The probable diagnosis of chikungunya fever can be made on the basis of the presence of the virus in the community, and a clinical trial of fever, rashes and arthralgia, which are suggestive of the illness. The virus produces neutralizing and haemagglutination inhibiting (HI) antibodies, which helps in serological diagnosis. HI test is the simplest diagnostic test; however, it identifies the group rather than specific virus. Confirmation of the illness is done by detection of the antigen or antibody to the analyte in the blood sample of patient [37]. Reverse transcriptase polymerase chain reaction (RT-PCR) is a confirmatory test for the identification of CHIKV. IgM capture ELISA is the most sensitive serological assay, and can distinguish the chikungunya from dengue. All virus isolation procedures need to be done under bio safety level 3 (BSL-3) precautions, although such precautions may not be necessary in the countries where CHIKV is endemic.

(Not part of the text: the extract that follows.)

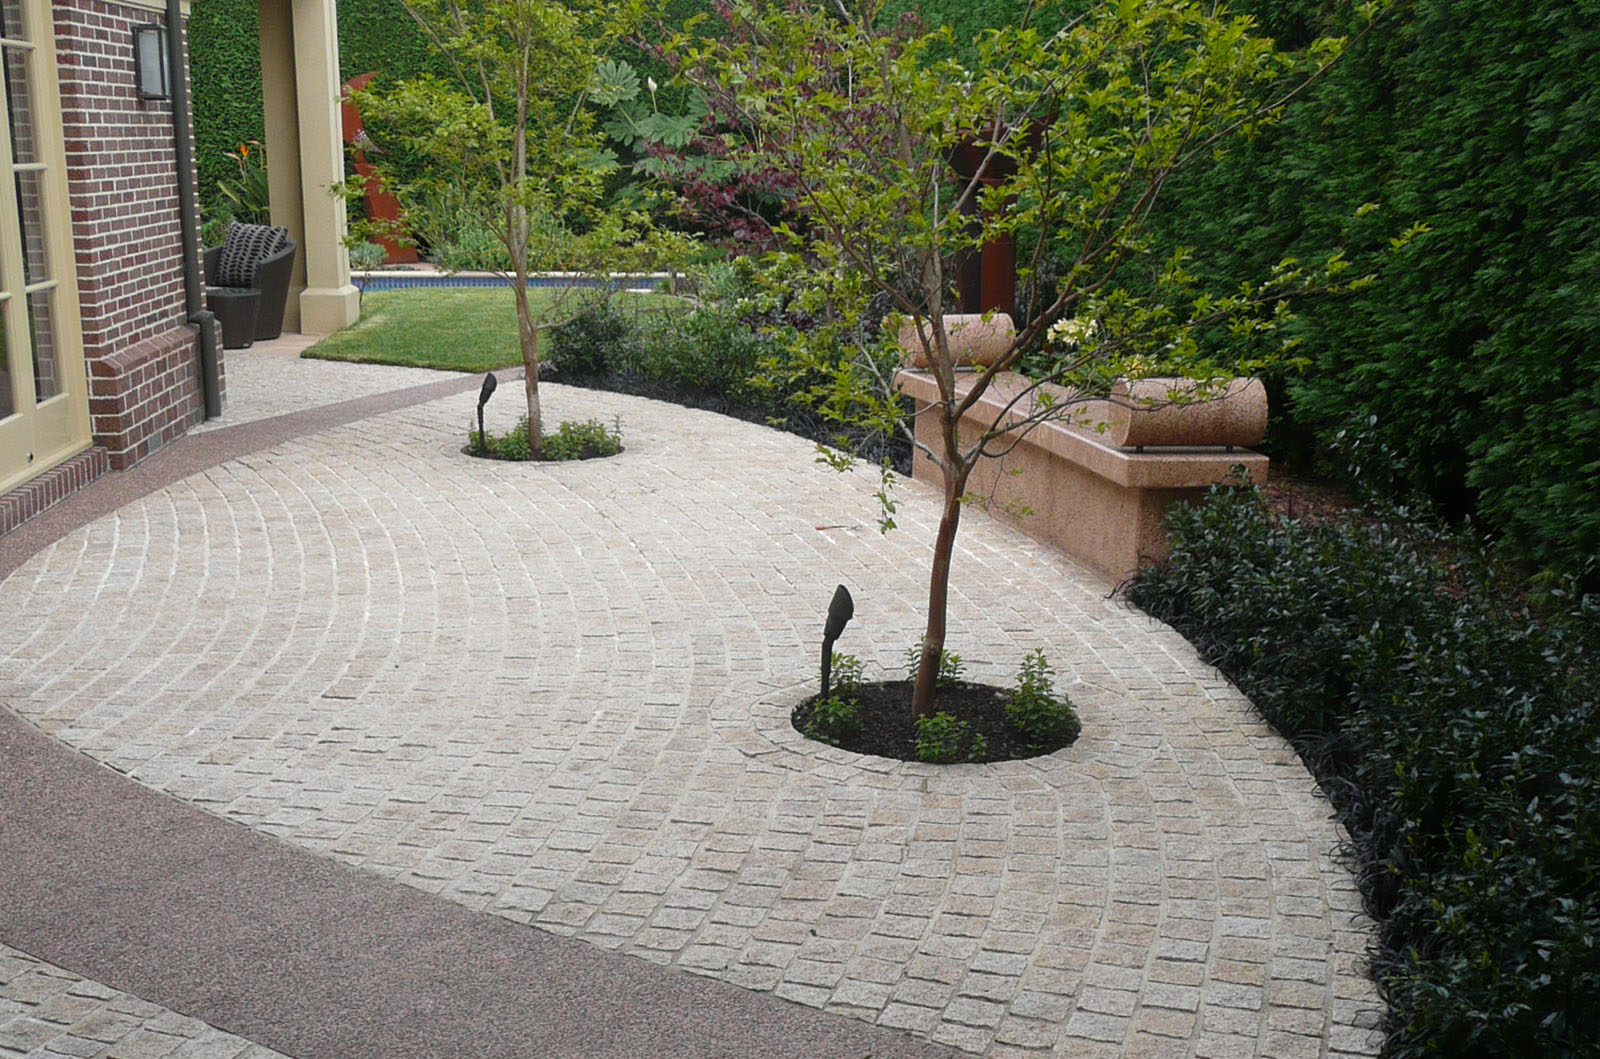 Sculptured Garden_0005s_0005_Hughes 4
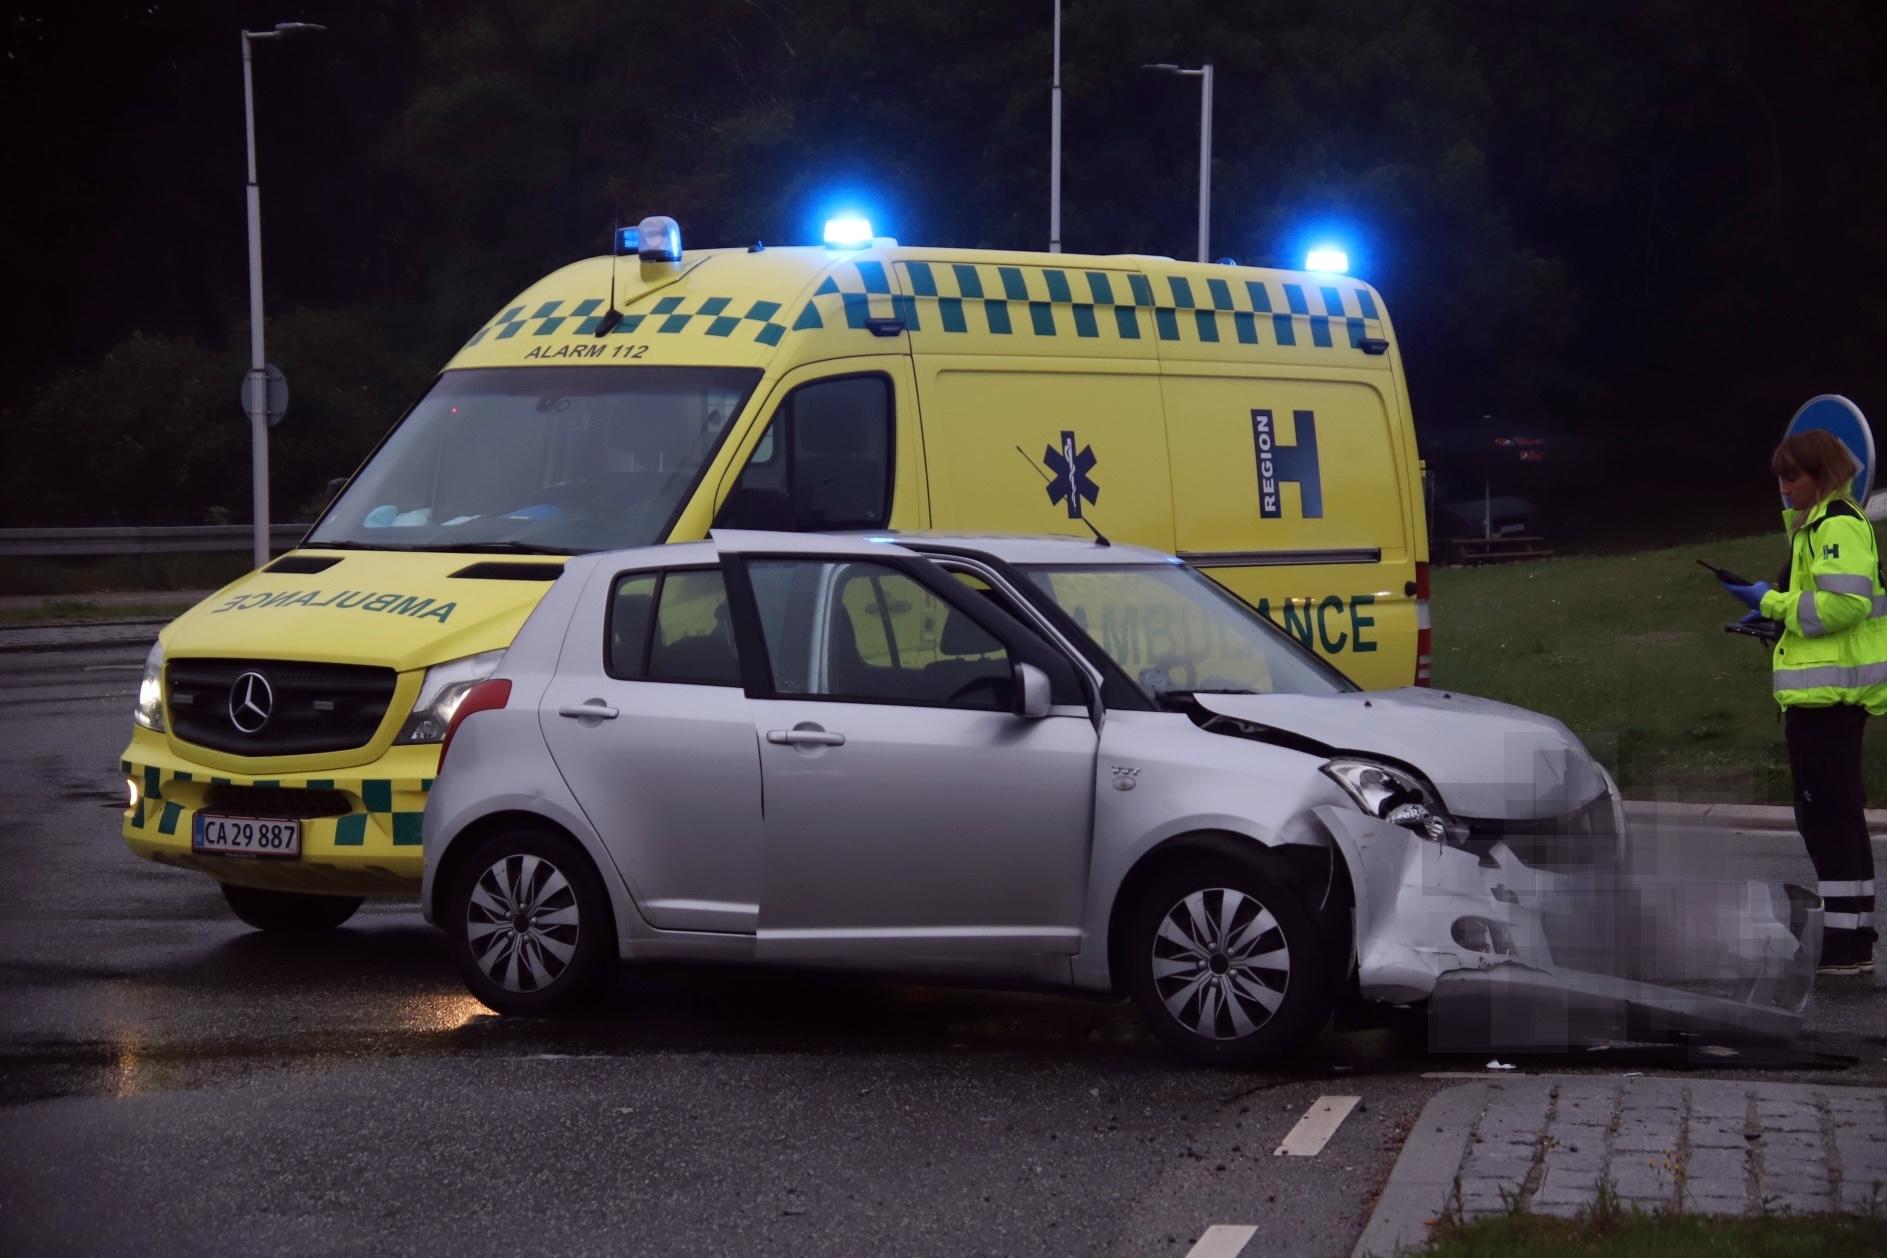 Trafikulykke i rundkørsel - redning på stedet

CHIKV is transmitted by mosquitoes belonging to genus Aedes. The mosquitoes considered to be the main vectors for CHIKV are Ae. albopictus and Ae. aegypti [3]. Continuous variations in the geographic distribution of these vectors have been documented in several studies. Ae. aegypti was considered to be the primary vector of CHIKV in most parts of the globe [38], whereas Ae. albopictus (common name Asian tiger mosquito) was considered to be the secondary vector and was restricted to Asia [38]. However, the recent reemergence of CHIKV in many parts of the world has been mainly associated with Ae. albopictus vector [19, 38]. Furthermore, reports indicate Ae. albopictus to replicate and transmit the old African genotype of CHIKV as well as the recent Indian Ocean strain of CHIKV better than those of Ae. aegypti and other Aedes species [39]. CHIKV is endemic in tropical regions of Africa and Asia, where the mechanisms of CHIKV transmission and maintenance appears to be very complex and vary significantly depending on the particular region where virus activity is detected.
In Africa, CHIKV is believed to be maintained in a sylvatic as well as with urban/rural cycle involving wild nonhuman primates and forest-dwelling Aedes mosquitoes (Figure 4). Several field studies conducted in Senegal, Nigeria, Uganda, Tanzania, Cote d’Ivoire, Central African Republic and South Africa concluded that the main sylvatic vectors of CHIKV are probably Ae. furcifer, Ae. taylori, Ae. africanus, Ae. luteocephalus and Ae. Neoafricanus [32]. Based on the isolation frequencies, it appears that Ae. furcifer and Ae. taylori are more important in southern and western Africa, while Ae. africanus is the chief vector in central regions [35]. Laboratory studies have confirmed vector competence of Aedine sylvatic mosquitoes in Africa. In South Africa, the oral infectious dose of Ae. furcifer was 50% (OID50)—the titer of the virus in the blood meal sufficient to infect 50% of mosquitoes was found to be less than 6.2 log/ml resulting in a transmission rate of 25–32%. This is sufficient to sustain CHIKV transmission from velvet monkeys and baboons, which develop viremia up to 7–8 log/ml [41].
CHIKV transmission cycle in Asia and Africa (modified from Thiboutot et al. [29, 40]).
In contrast to Africa, only urban/rural CHIKV transmission cycle has been described in Asia (Figure 4). Ae. aegypti is the main vector of CHIKV and Ae. albopictus is believed to play a secondary role in several outbreaks. CHIKV epidemics in humans seem to be disconnected from zoonotic transmission, however; the recent study of seroprevalence to CHIKV infection among wild monkeys in the Philippines showed presence of anti-CHIKV IgG in 59.3% of animals tested, suggesting existence of a possible sylvatic transmission cycles [42]. Currently, it is believed that persistence of CHIKV in Asia results from viral migration back and forth among different locations sustained by the human-Ae. aegypti cycle [43].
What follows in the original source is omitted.